The next Monday, Mr. Breitbart followed a dictum of Saul Alinsky, whose 1971 book, “Rules for Radicals,” is the bible of left-wing community organizers: “A tactic that drags on for too long becomes a drag.” Figuring that a sixth Acorn video wouldn’t have much impact, he shifted to a different scandal. He published the full transcript of an August conference call in which officials from federal agencies, including the National Endowment for the Arts and the White House’s Office of Public Engagement, urged federally subsidized artists to produce propaganda on behalf of Mr. Obama’s legislative initiatives. Patrick Courrielche, an artist and Big Hollywood contributor, had recorded the call. By week’s end Yosi Sergant, who had organized the call as the NEA’s director of communications, was out of a job.

Mr. Breitbart claims victory, and in extravagant terms: “At every step of the way, we were correct. At every step of the way, the mainstream media took the lies of Acorn. At every step of the way, the mainstream media attempted to cover up for Acorn. . . . If they think that Acorn or the Democratic Party or the NEA or the Office of Public Engagement is the primary target, they couldn’t be more wrong. It is the Democrat-media complex. It is the mainstream media. No jury would need more evidence at this point. The Clark Hoyts of the world should just put their pens down and retire right now and walk away. They lost.”

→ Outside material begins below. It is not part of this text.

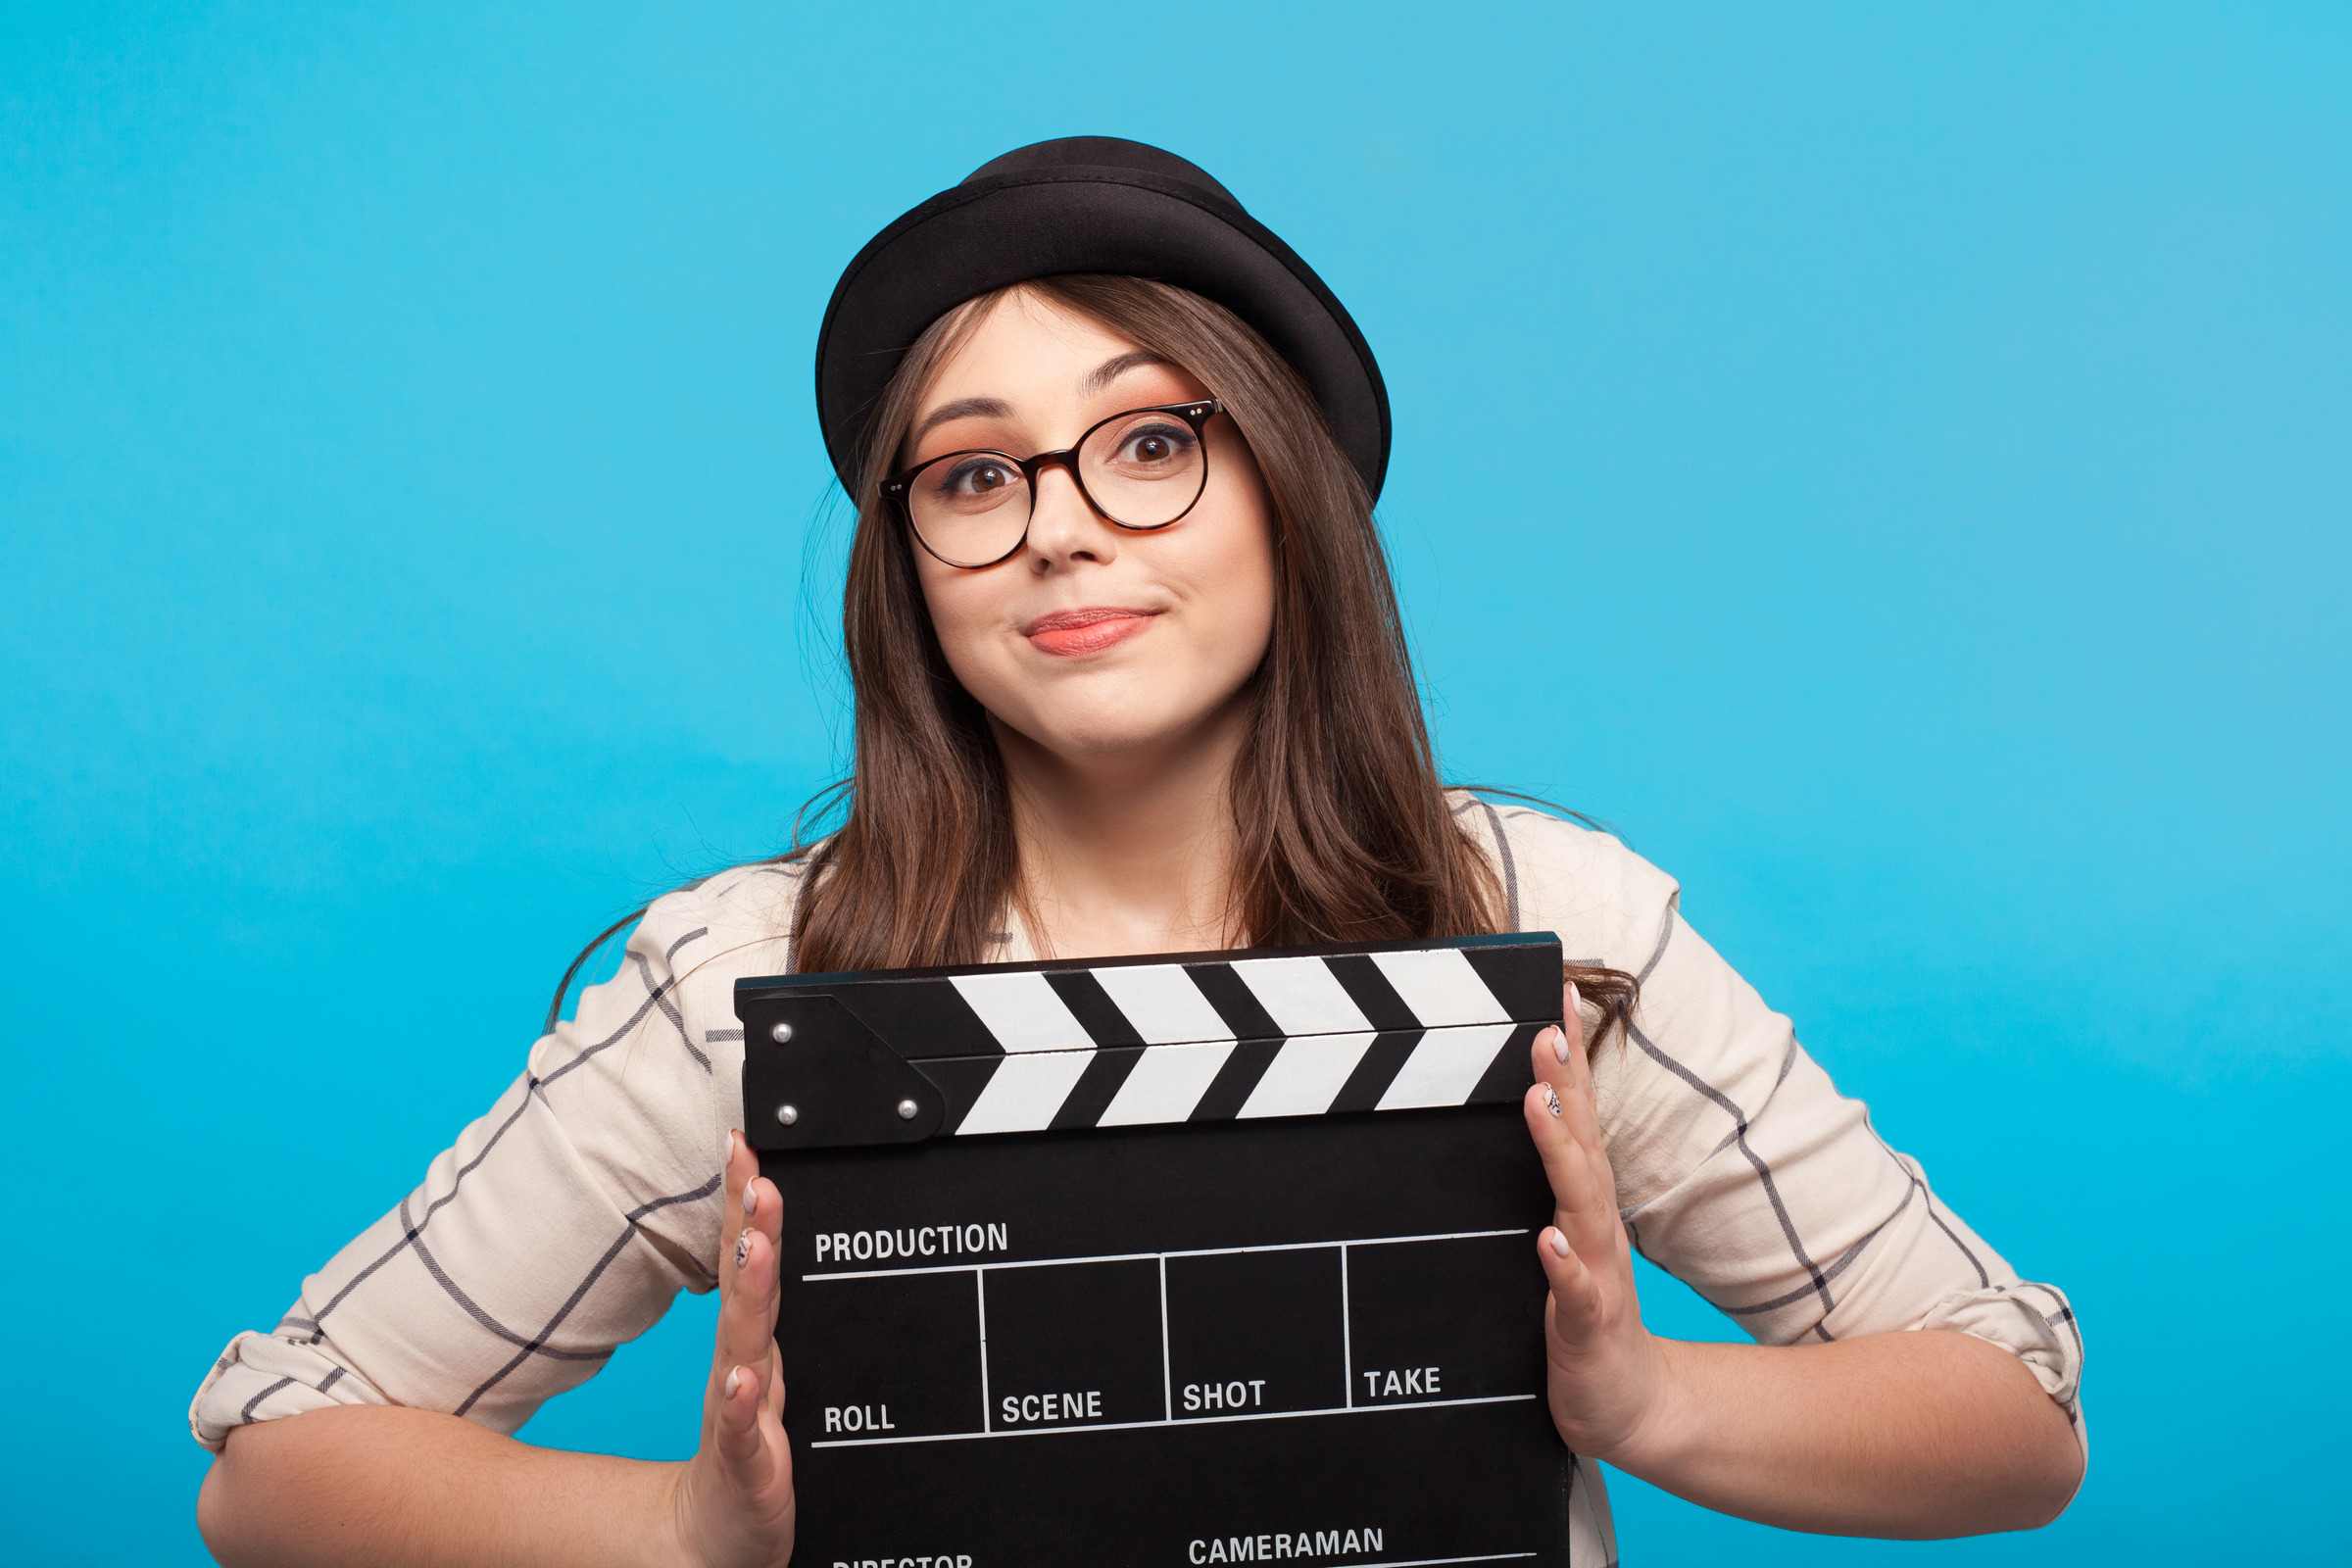 Girl holding clapperboard in front of a blue background.

Yet some caveats are in order. Partisanship was not the only reason for media resistance to the Acorn story. The approach Mr. O’Keefe and Ms. Giles used—lying to prospective sources or subjects—is grossly unethical by the standards of institutional journalism. Almost all major news organizations, including the Journal, strictly prohibit it. To be sure, there is a world of difference between employing such tactics and reporting on the results when others have used them. And there is no question that the pair’s findings were newsworthy. But journalistic discomfort with their methods is a sign of integrity, not corruption.

Reporters also were—and still are—operating on incomplete information by Mr. Breitbart’s design. He refuses to say how many videos he has yet to release, or what is on them, except that “in the end, Hannah and James and me will have been truth-tellers every step of the way.” He acknowledges that such withholding of information “goes outside the realm of journalism”—perhaps a needless concession, since news organizations do not typically release information prior to publication—but he defends it as necessary to protect Mr. O’Keefe and Ms. Giles from “those that would destroy them.”

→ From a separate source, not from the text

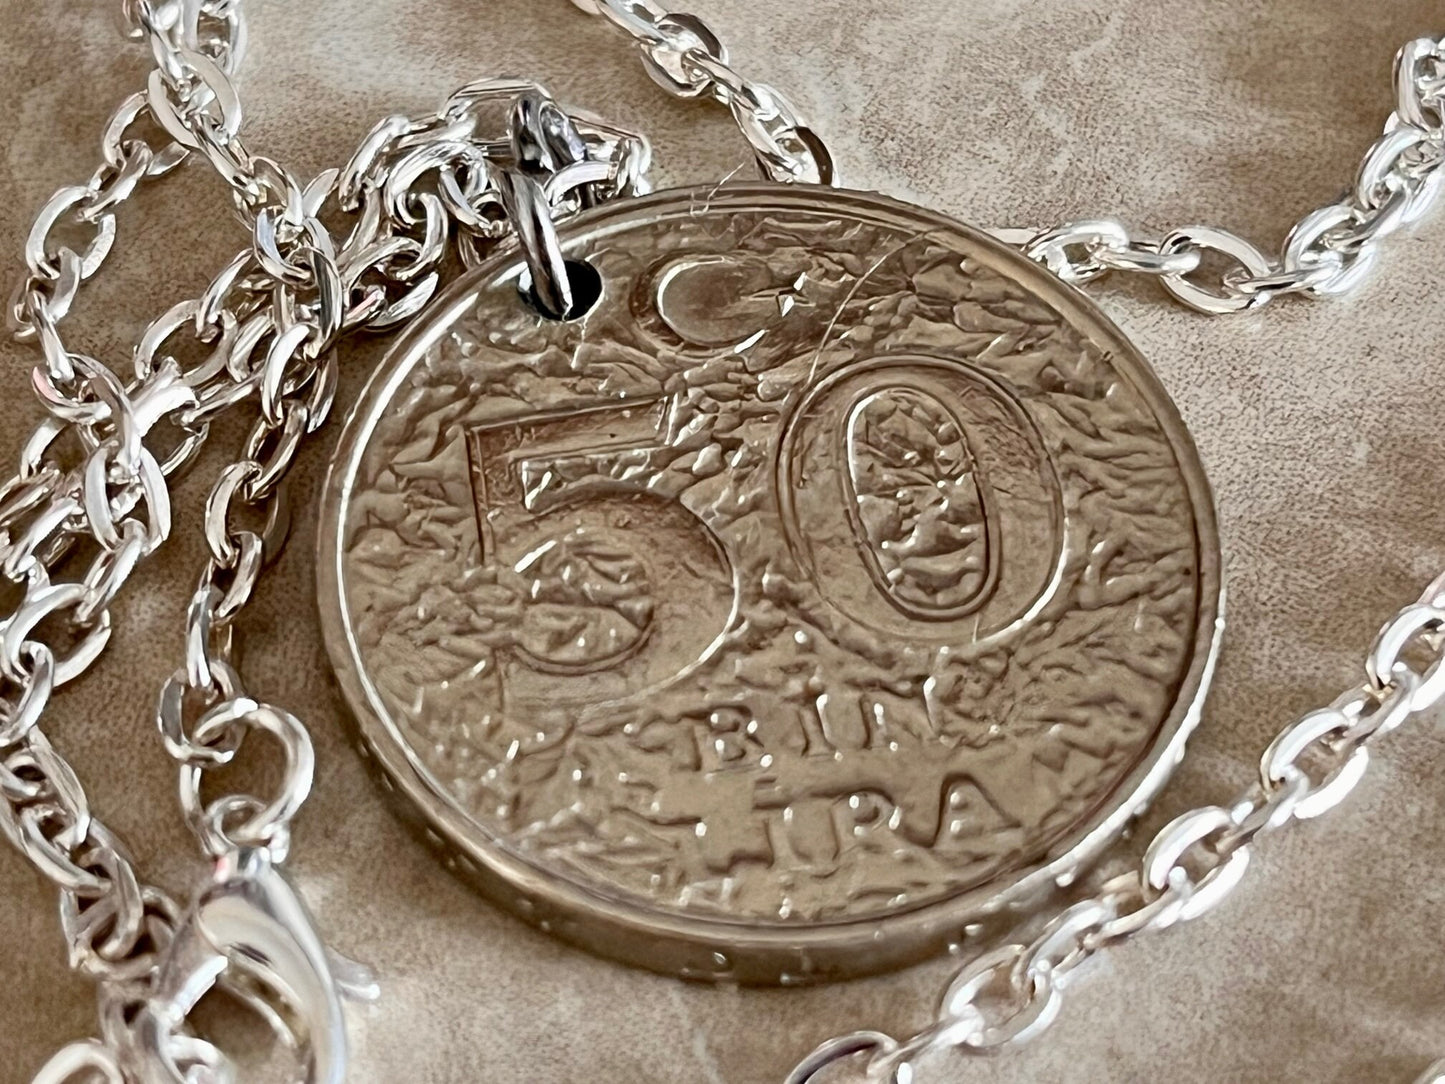 Turkey Coin Necklace Turkish Bib 50 Lira Pendant Personal Old Vintage Handmade Jewelry Gift Friend Charm For Him Her World Coin Collector

Mr. Breitbart says that some reporters have pressed him for information about the unreleased videos, and these demands make him indignant: “They were the desperate attempts of defense attorneys to say, ‘You have an obligation to tell us how many tapes there are.’ I said, ‘Isn’t that interesting, because Acorn wants to know that too . . . because they don’t know how big the scandal is.'” Yet while it’s true that journalists have no right to Mr. Breitbart’s information, one can hardly fault them for wanting all the facts.

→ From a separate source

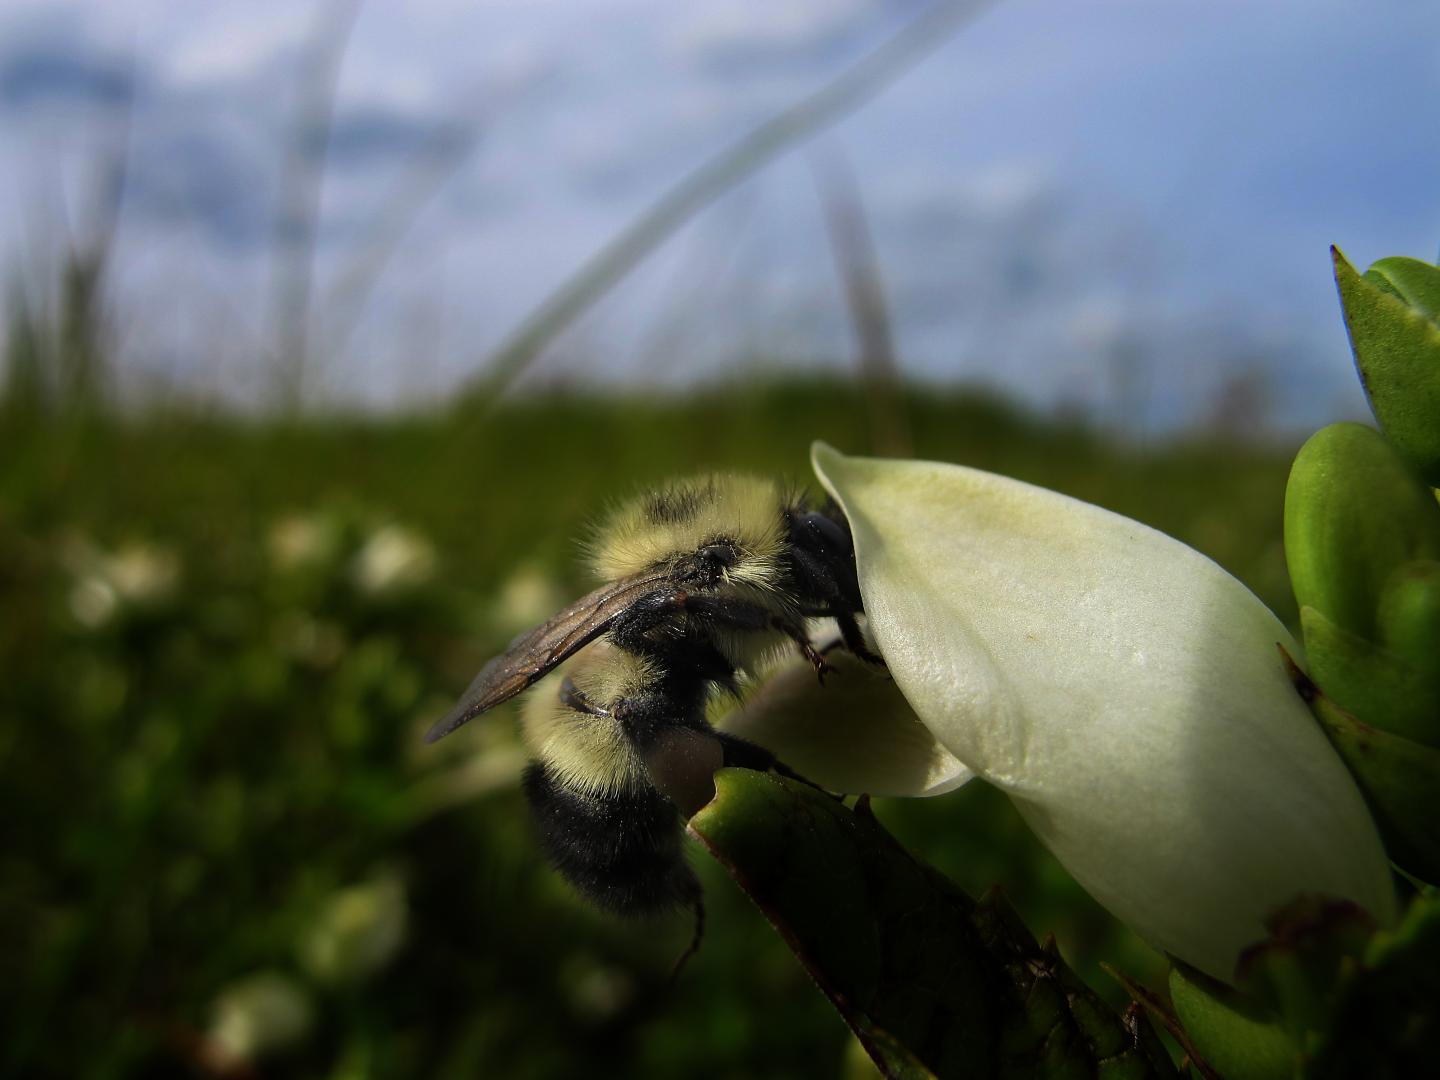 Bumble Bee Collecting Nectar Containing Iridoid Glycoside Secondary Metabolites

Even if one accepts Mr. Breitbart’s critique of the mainstream media, nobody should root for their downfall or destruction. Their role—that of impartial watchdog and broker of information—is a vital one, whether or not they perform it well. While Breitbart-style opinionated journalism can provide healthy competition, it cannot substitute for straight news. As Mr. Breitbart himself says, in an unusually modest moment, “I’m not looking to slay the dragon . . . but I wanted to embarrass the dragon into being a more reasonable dragon.”

Mr. Taranto, a member of The Wall Street Journal’s editorial board, writes the Best of the Web Today column for WSJ.com.